We still had to get home Saturday, and figuring on catching a few more views on the way, we decided to travel east by way of Reddish Knob and the old fire lookout. The Shenandoah Valley was hung with the usual hazy smog in the distance, but it was still pretty.
The road up to where the tower used to stand is paved but steep and barely one lane wide. When we arrived there were three guys who had ridden up on mountain bikes. Impressive. A guy with a Coon dog box on his truck arrived after. His dog had initials on his ears and looked to be enjoying the ride.
The shades of blue in the distance…
Back on the road, near Dayton, we came up on an Amish buggy.

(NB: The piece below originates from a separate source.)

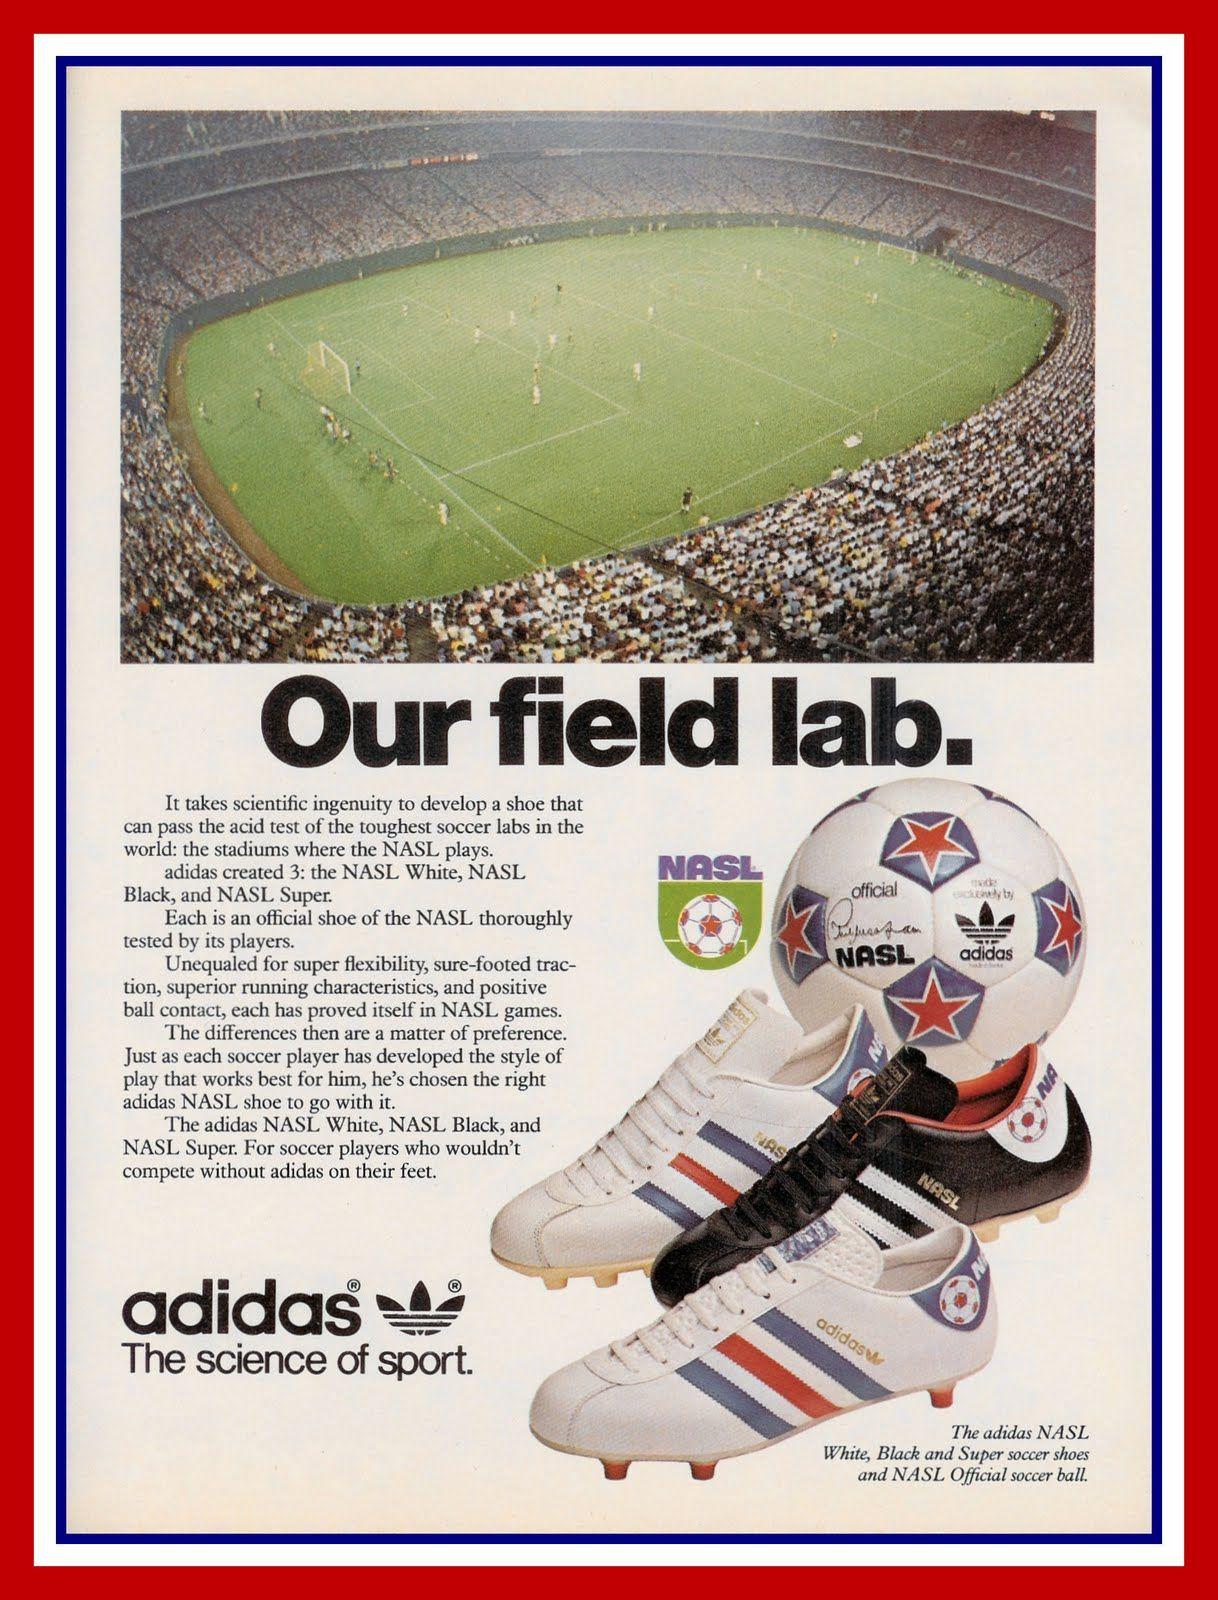 Our Field Lab   Adidas football, Vintage adidas, Sports brands

At the Spring House Tavern, in Woodstock, Virginia, I had an enjoyable Left Handed Milk Stout and we all had the lunch size Beef Vegetable Stew over Biscuits. We had to take leftovers home with us. Seems like we have done more eating than hiking this trip.
We drove out through scenic Mill Road to Tower Road, and climbed the metal tower, for great views to the East and to the West over the winding Shenandoah River.
The sun was getting low as we came through Fort Valley on the East side of the ridge and we stopped to search for fossils at a road cut that Tom remembered from way back.
We didn’t have a hammer but we managed to find a few bi-valve fossils.
The full Moon rose over the hill as the sunset painted the forest auburn red.
It was not long before the sun was gone and night took over, with the moon throwing long shadows. Time to get home and feed the critters.